1.2 Failed configurations usually come from several factors at once

When a configuration OOMs, several low-level factors are usually pushed up together:

Static memory: parameters, gradients, optimizer states, all-gather buffers;
Dynamic memory: activations, MoE buffers, logits / loss intermediates;
Compute efficiency: local seq, expert token count, batch shape;
Exposed communication: attention / CP communication, MoE dispatch / combine, parameter all-gather / reshard;
CPU overhead: small kernels, small batch slices, frequent launches and scheduling.

A configuration can also run but be slow. That often means dynamic memory has been addressed, while compute efficiency or exposed communication has become the bottleneck. This is the hard part in long-context RL: changing one parallelism option also changes memory, local seq, communication patterns, and kernel shapes. The optimizations below split the problem along these underlying factors.

1.3 The real cost of a Megatron-style all-in-one system

Megatron is a capable training system. It supports many models, parallel strategies, optimizers, checkpointing paths, recompute modes, kernel fusions, and legacy configuration paths. Many of the optimizations discussed here can be implemented in Megatron, and the lower-level capabilities often come from the Megatron and Transformer Engine ecosystem.

The cost mainly comes from the cognitive load of the all-in-one design. Model structure, parallel state, optimizer/checkpoint semantics, recompute scheduling, performance flags, and legacy compatibility paths are intertwined in one large system. When adding a feature or debugging a performance problem, a developer needs to understand a long call chain and a wide configuration surface. For an agent, that large context also makes task decomposition and validation harder.

Two examples from this article:

Integrating FSDP2 into Megatron 5D parallelism is far more than swapping an optimizer. It has to handle parameter sharding, grad reduce-scatter, optimizer state, PP/TP/EP/CP process groups, checkpoint resharding, parameter materialization under full recompute, and semantic alignment with the existing distributed optimizer.
chunked EP overlap is also much more than splitting tokens into a few chunks. Under full recompute, the dependencies among forward, recompute forward, backward, delayed wgrad, dispatch, and combine all need to be redesigned. Too little change may produce no overlap; too much can break numerics or scheduling semantics.

This work can be done in Megatron, but the implementation and validation surface is large. The next section walks through the optimization path first. The final section returns to bumblebee’s design and explains why primitive boundaries make these complex changes easier to split into incremental development and agent collaboration tasks.

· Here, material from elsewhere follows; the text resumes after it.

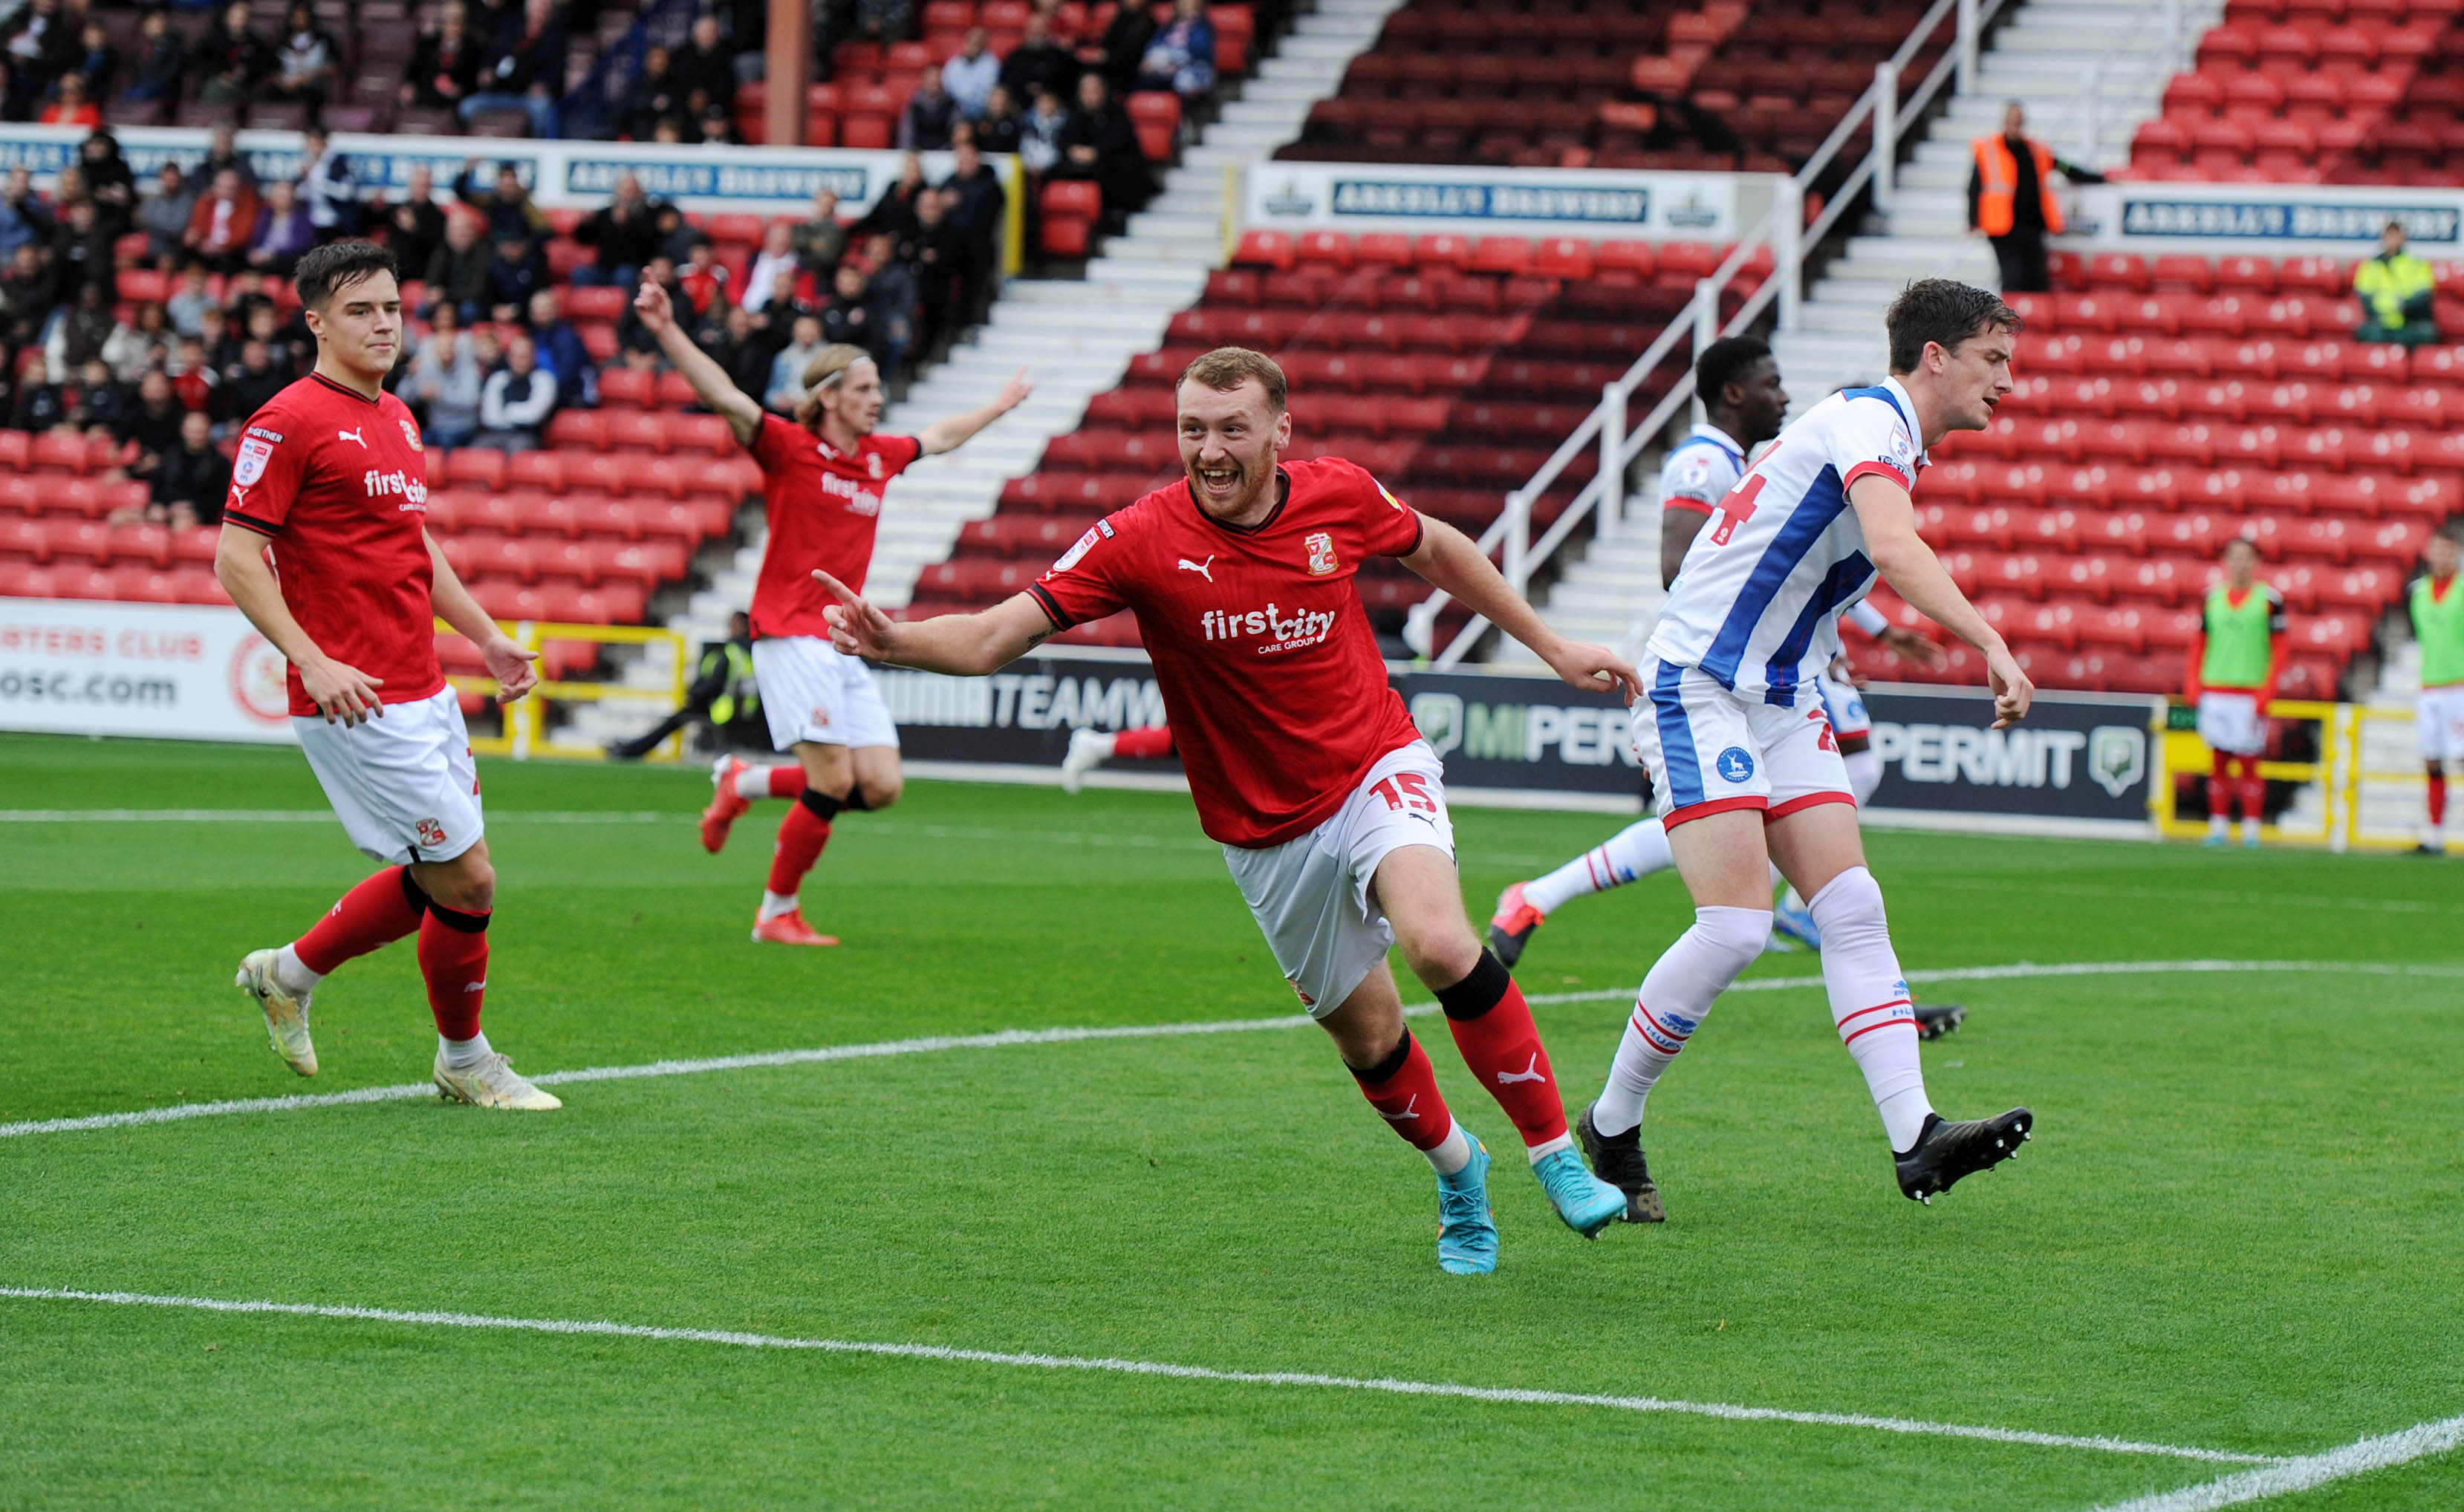 Luke Jephcott says that his future with Swindon and Plymouth is up in the air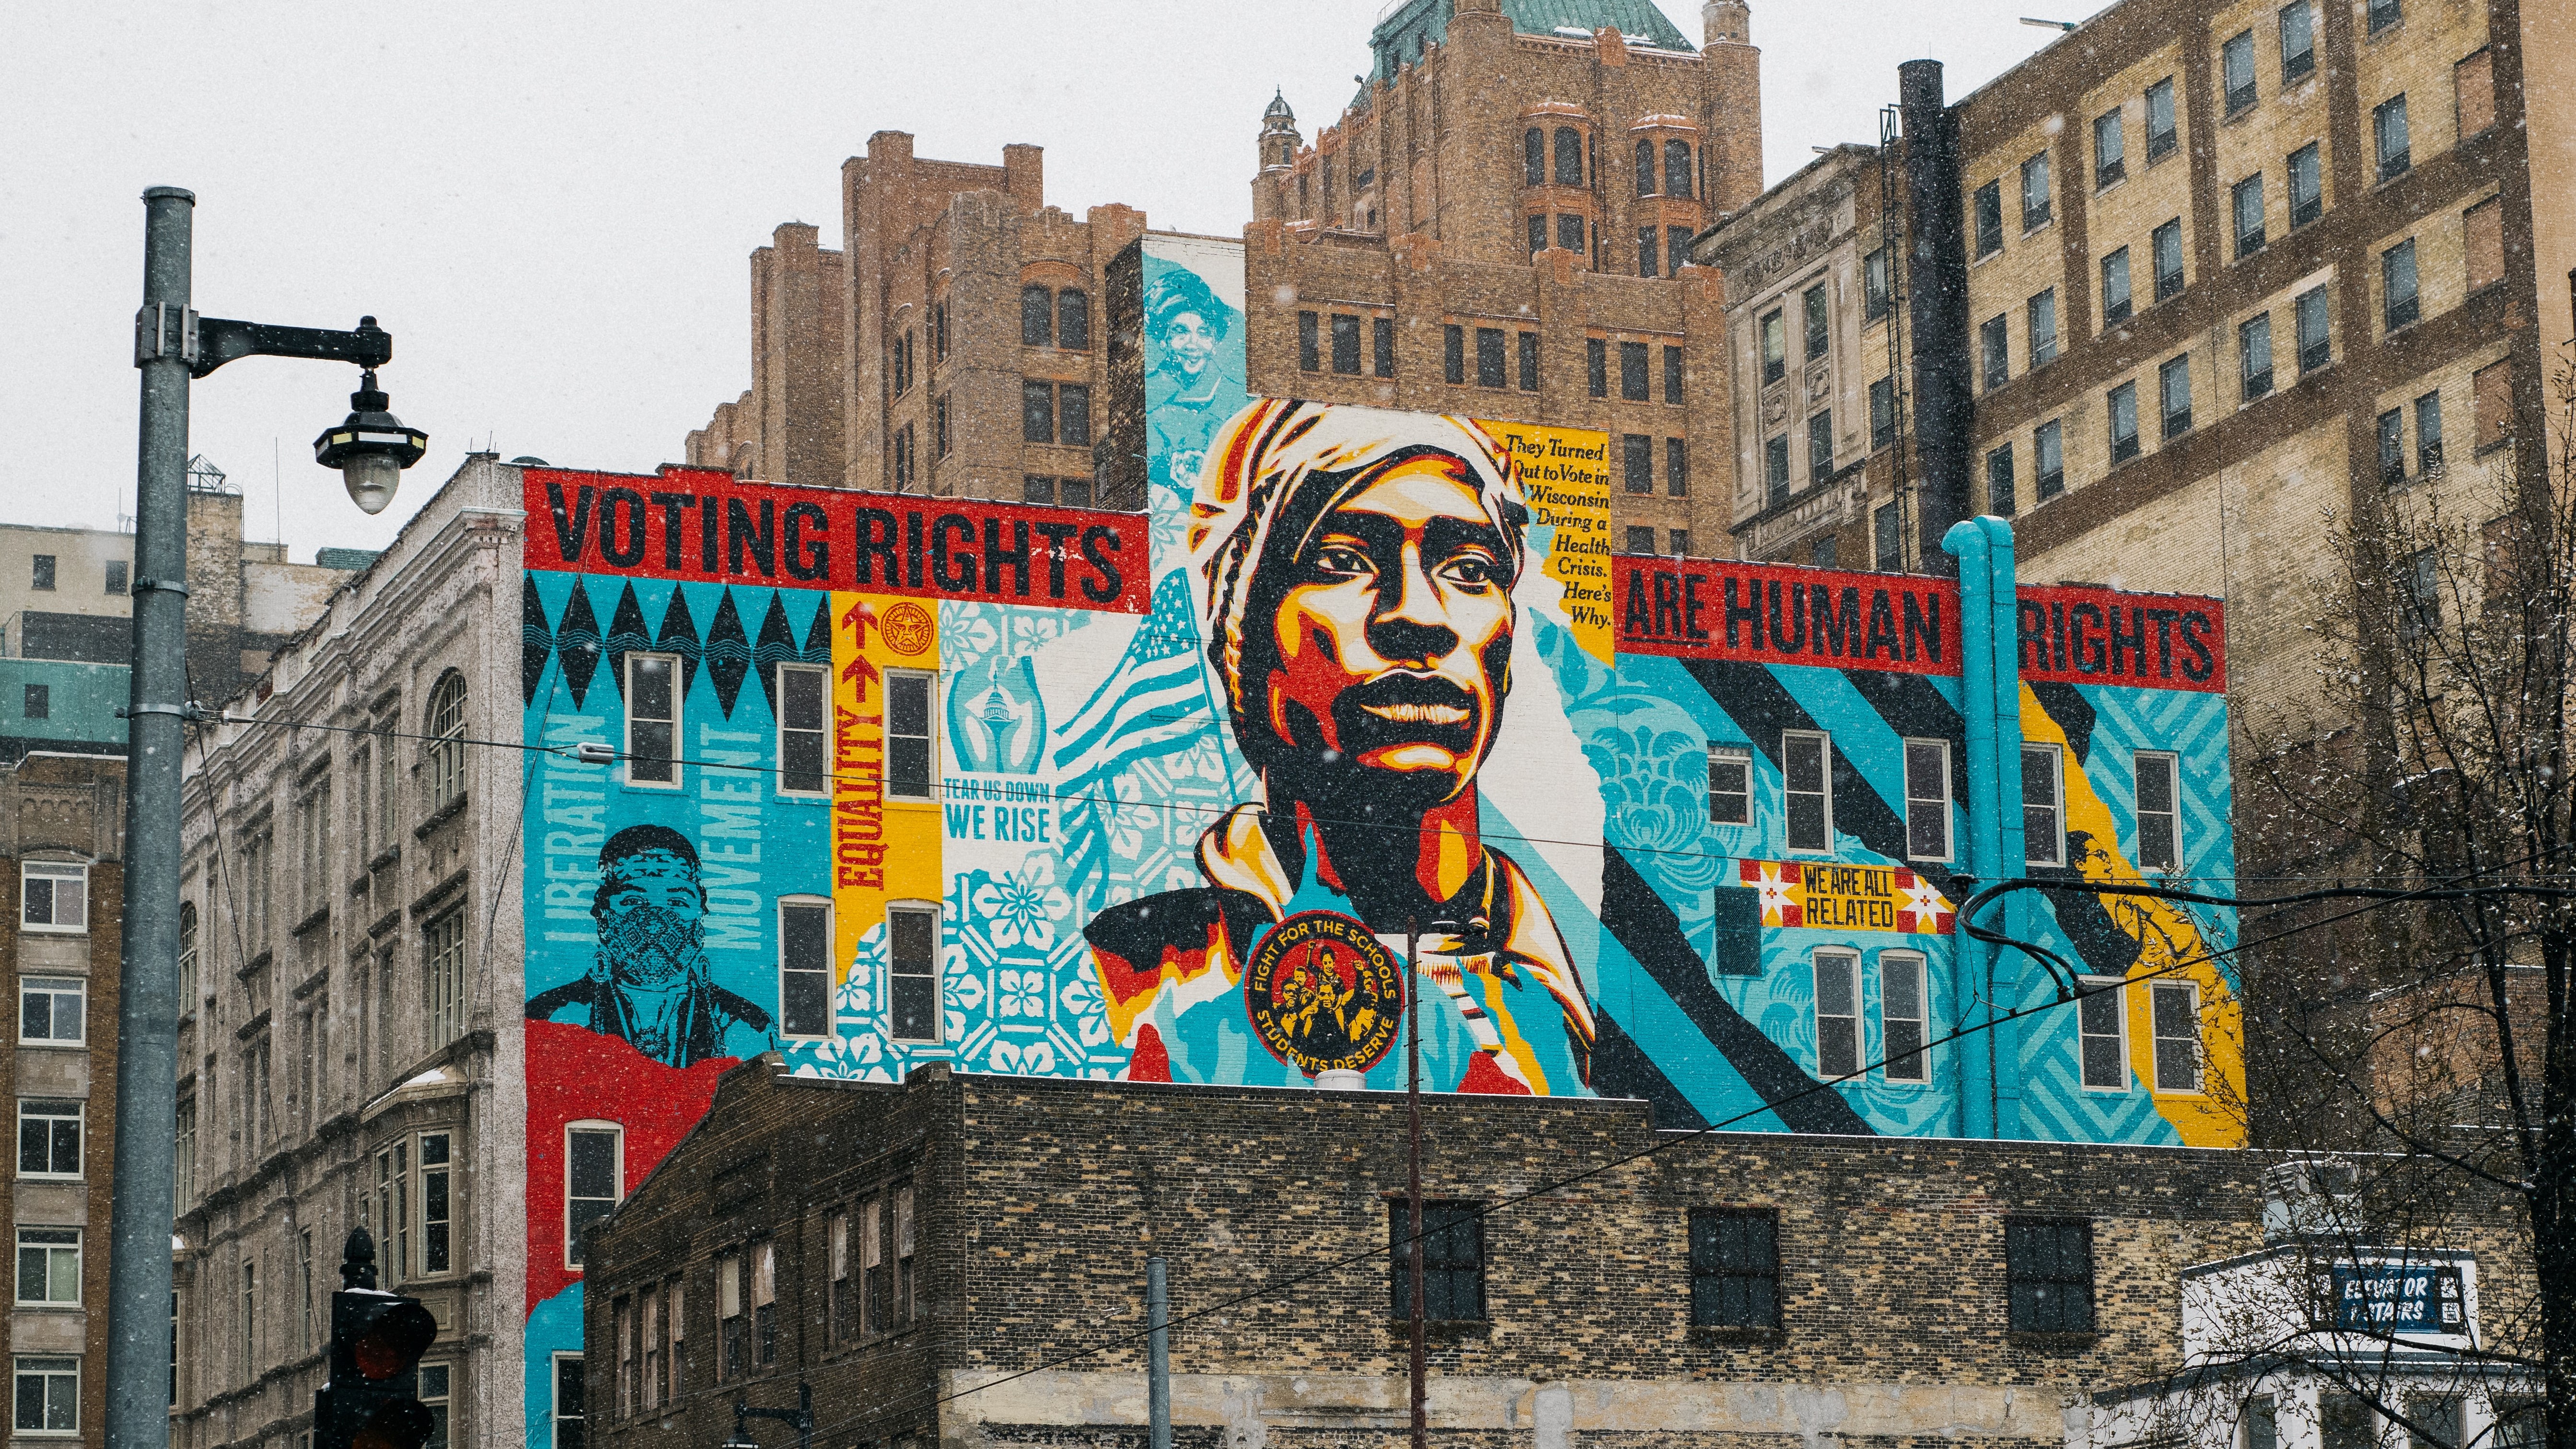 Voting rights are human rights wall mural

2. From baseline to a smaller recipe

2.1 Baseline: the usable point is already expensive

In a conventional Megatron-style tuning space, a representative usable high point for 35B / 32 x H100 / 128K is:

Model	Baseline config	TFLOPs/GPU	Peak memory
Qwen3.5-35B-A3B	`TP=2, PP=4, EP=8, CP=2, full recompute`	127.53	42.91 GB

Megatron baseline snapshot

This point already went through PP, EP, CP, and recompute filtering. The conventional path works, but continuing to move within the same high-dimensional space has poor marginal returns and high trial cost. To make the recipe easier to reuse, one important step is to decouple static memory from PP/EP-style parallel layouts.

2.2 Path choice: accept full recompute and increase local seq

The first problem in long-context MoE training is memory, but memory immediately pulls in compute efficiency, exposed communication, and CPU overhead. There are at least two reasonable ways to fight OOM.

Path A: less recompute, smaller per-GPU sequence

Path A pressure

The first path avoids recompute as much as possible, or uses only a small amount of selective recompute. The benefit is direct: less repeated computation per step.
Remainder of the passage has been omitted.